Importing data from postgresql with Spark and comparing join between Parquet, hive, ORC
Originally published at jugsi.blogspot.com.
Importing data from postgresql with Spark and comparing join between Parquet, hive, ORC
I have my funny application managing 200 nodes over internet with my funny db with two important tables:
- action (command) and
- log about action (log)
For every action I have 1 or more replies from different the node. Unfortunately, I have to prune my PostgreSQL db every 3 hours to maintain the number of log table’s rows below the 60.000 records avoiding waste of performance. So that, I’m loosing my precious logs every 3 hours
PostgreSQL partitioning should be a valuable solution, but I preferred a different approach. To maintain my logs I decided to use Spark + Hadoop HDFS and I tested ORC vs Hive vs Parquet.
- Why ORC? ORC has a good compression and for archive should be very good
- Why HIVE? Hive is natively supported by Spark
- Why Parquet? Parquet was accounted as one of the best HDFS Based DB
Environment
My QA environment is a small environment: three nodes hadoop and spark over YARN.
Importing data
here my simple code to import from postgreSQL from scratch
val log = spark.read.format("jdbc").option("url","jdbc:postgresql://mycorporate.com:5432/mydb").option("driver","org.postgresql.Driver").option("dbtable","log").option("user","usr").option("password","pwd").load()
log.write.format("parquet").save("log.parquet")
log.write.option("path", "/data/home/hive").saveAsTable("log")
log.write.format("orc").option("orc.compression","gzip").save("log.orc")
val command = spark.read.format("jdbc").option("url","jdbc:postgresql://mycorporate.com:5432/mydb").option("driver","org.postgresql.Driver").option("dbtable","command").option("user","usr").option("password","pwd").load()
command.write.option("path", "/data/home/hive").saveAsTable("command")
command.write.format("parquet").save("command.parquet")
command.write.format("orc").option("orc.compression","gzip").save("command.orc")
I imported the data into a Spark dataFrame then I reversed this data into Hive, CSV or Parquet. the key partition is the command id (UUID).
I imported 60.000 rows from log and 3200 rows from command.

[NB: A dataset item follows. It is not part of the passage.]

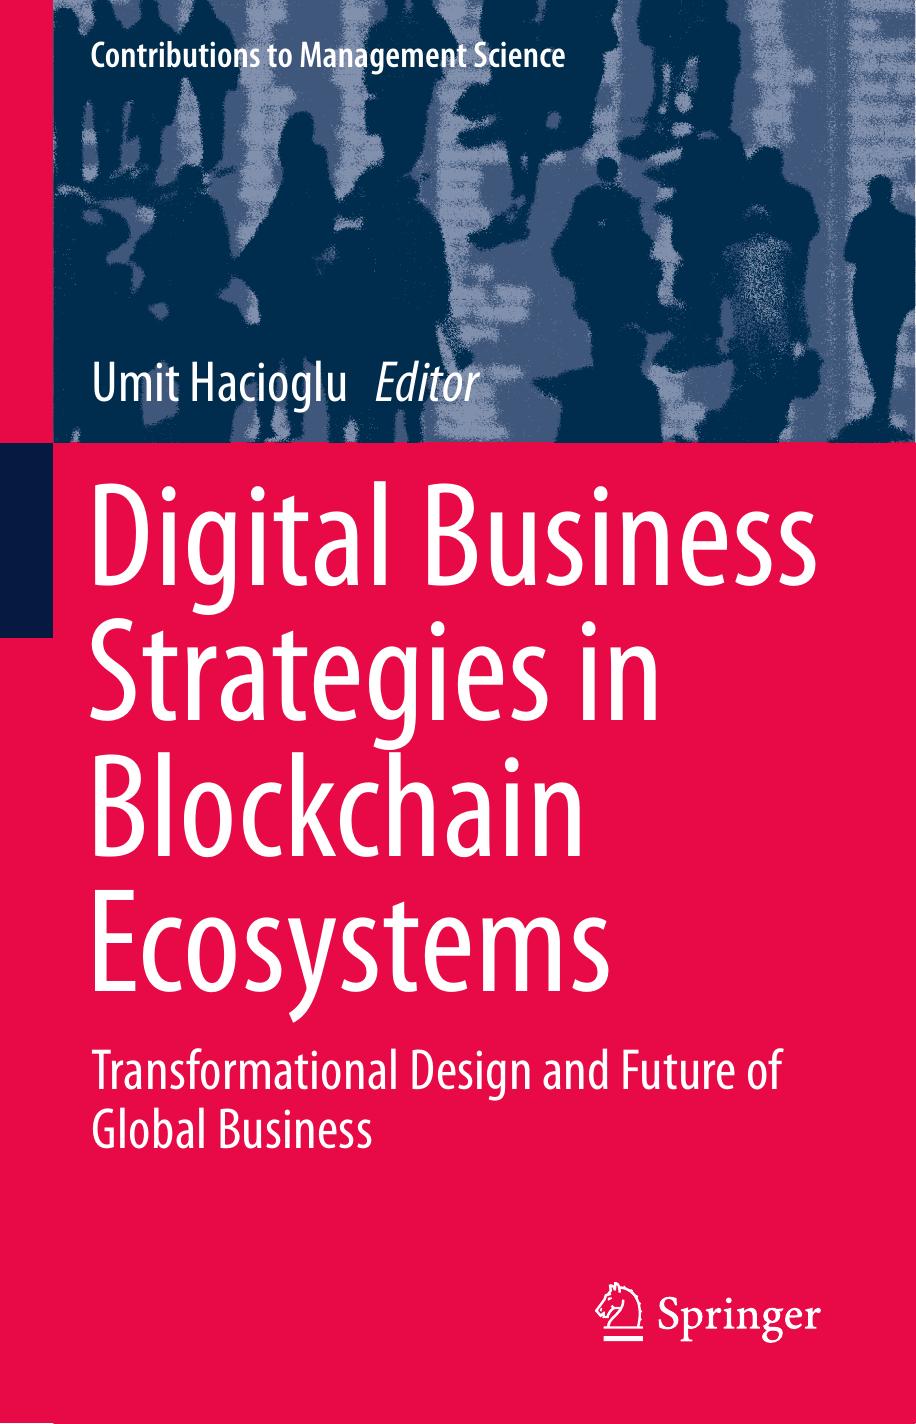 Digital Business Strategies In Blockchain Ecosystems Transformational Design And Future Of Global Business by Umit Hacioglu 2020

Then i tested with a simple join and an export of result partitioned for each node
//PARQUET
var time = System.currentTimeMillis()
val r_log_o = spark.read.parquet("log.parquet")
val r_log = r_log_o.drop(r_log_o.col("id"))
val r_command_o = spark.read.parquet("command.parquet")
val r_command = r_command_o.withColumnRenamed("timestamp", "c_timestamp")
System.currentTimeMillis() - time//JOIN
time = System.currentTimeMillis()
val r_joined = r_log.filter($"status">3).join(r_command, r_command.col("id") === r_log.col("commandid"))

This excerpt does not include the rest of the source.